The Guide to Supporting Self-Serve Data and Analytics with Comprehensive PR Review
dbt, the platform that popularized ELT, has revolutionized the way data teams create and maintain data pipelines. The key is in the ‘T’, of ELT. Rather than transforming data before it hits the data warehouse, as in traditional ETL, dbt flips this and promotes loading raw data into your data warehouse and transforming it there, thus ELT.
This, along with bringing analytics inside the data project, makes dbt an interesting solution for data teams looking to maintain a single-source-of-truth(SSoT) for their data, ensuring data quality and integrity.
dbt transformations are stored as a series of SQL models that transform the data through raw, staging, intermediate, and then mart stages, in which the data is ready for production use. Keeping all of these transformations in the same place, as the SSoT for how your data is generated, ensures that data validation and data quality checks can be systematically applied at every stage.
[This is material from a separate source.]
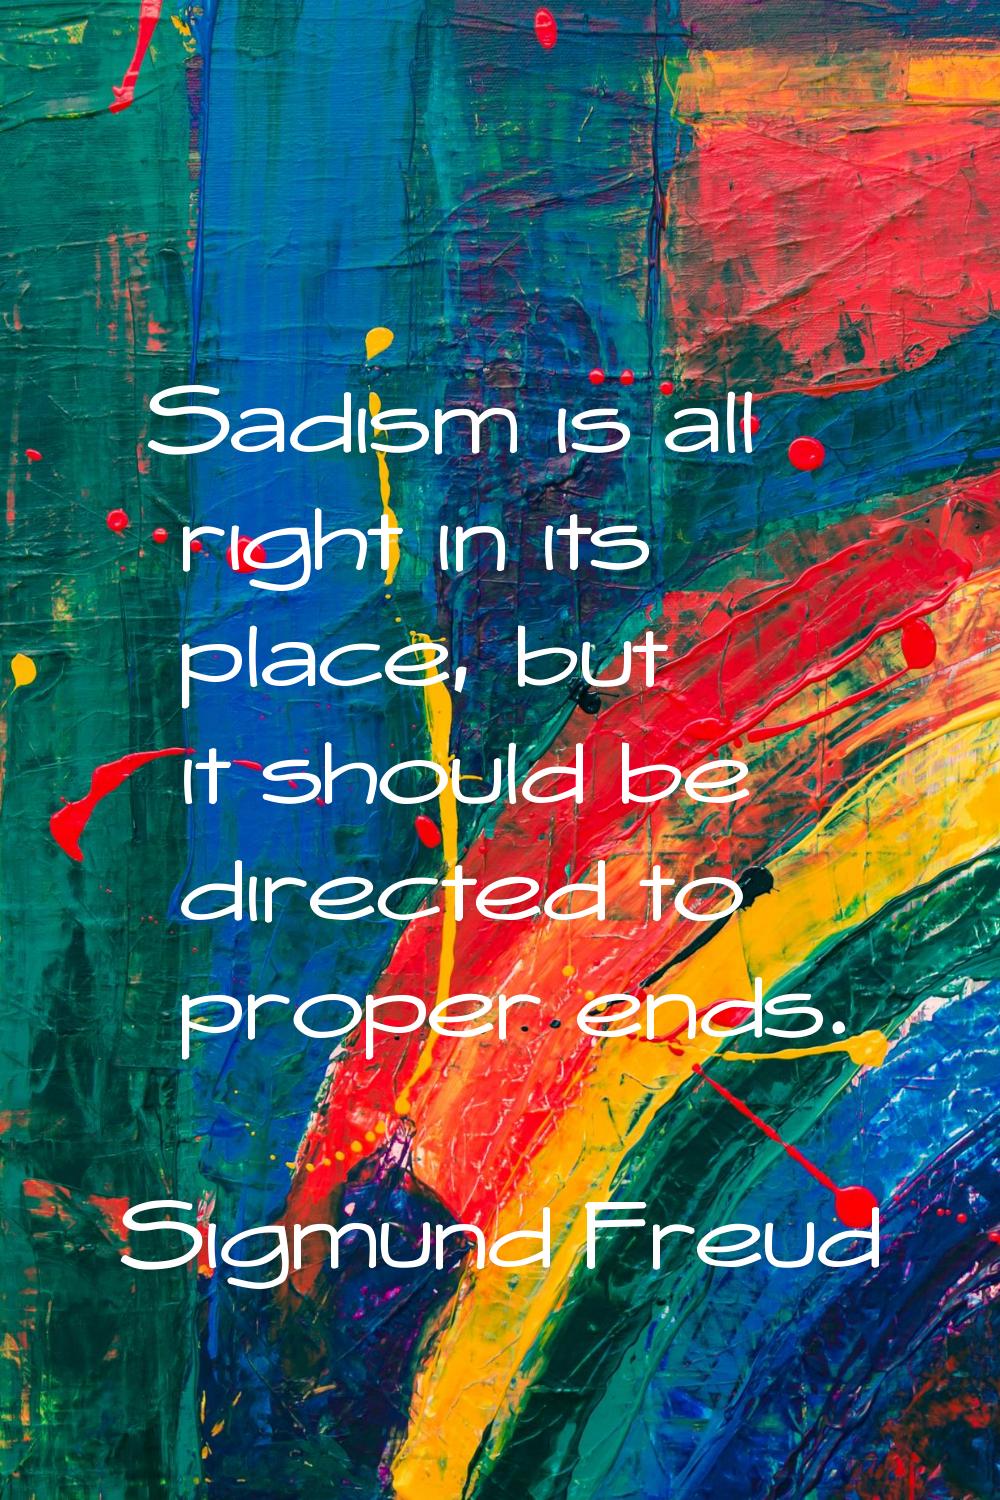 Sadism is all right in its place, but it should be directed to proper ends.

This also facilitates PR review to maintain data integrity.
- Version control - the dbt project can be managed in a version control system such as git, essential for dbt CI workflows and PR review.
- Modular SQL - dbt encourages a modular design to data pipelines. This better facilitates reviewing data models and transformed data, and enabling the re-use and referencing of data models.
- Reproducible pipelines - the dbt project contains everything required to run the pipeline, which means anyone can checkout the project from version control and build the data. This is a fundamental part of data best practices and dataops.
If you’ve come from a software engineering (SE) background, then these benefits may be familiar to you. Version control, modularity, and reproducibility are the tenets of DevOps, and have benefited software development for years. Through dbt, you’re able to adapt them as part of a new practice of DataOps, and the pull request (PR) is at the center of the process.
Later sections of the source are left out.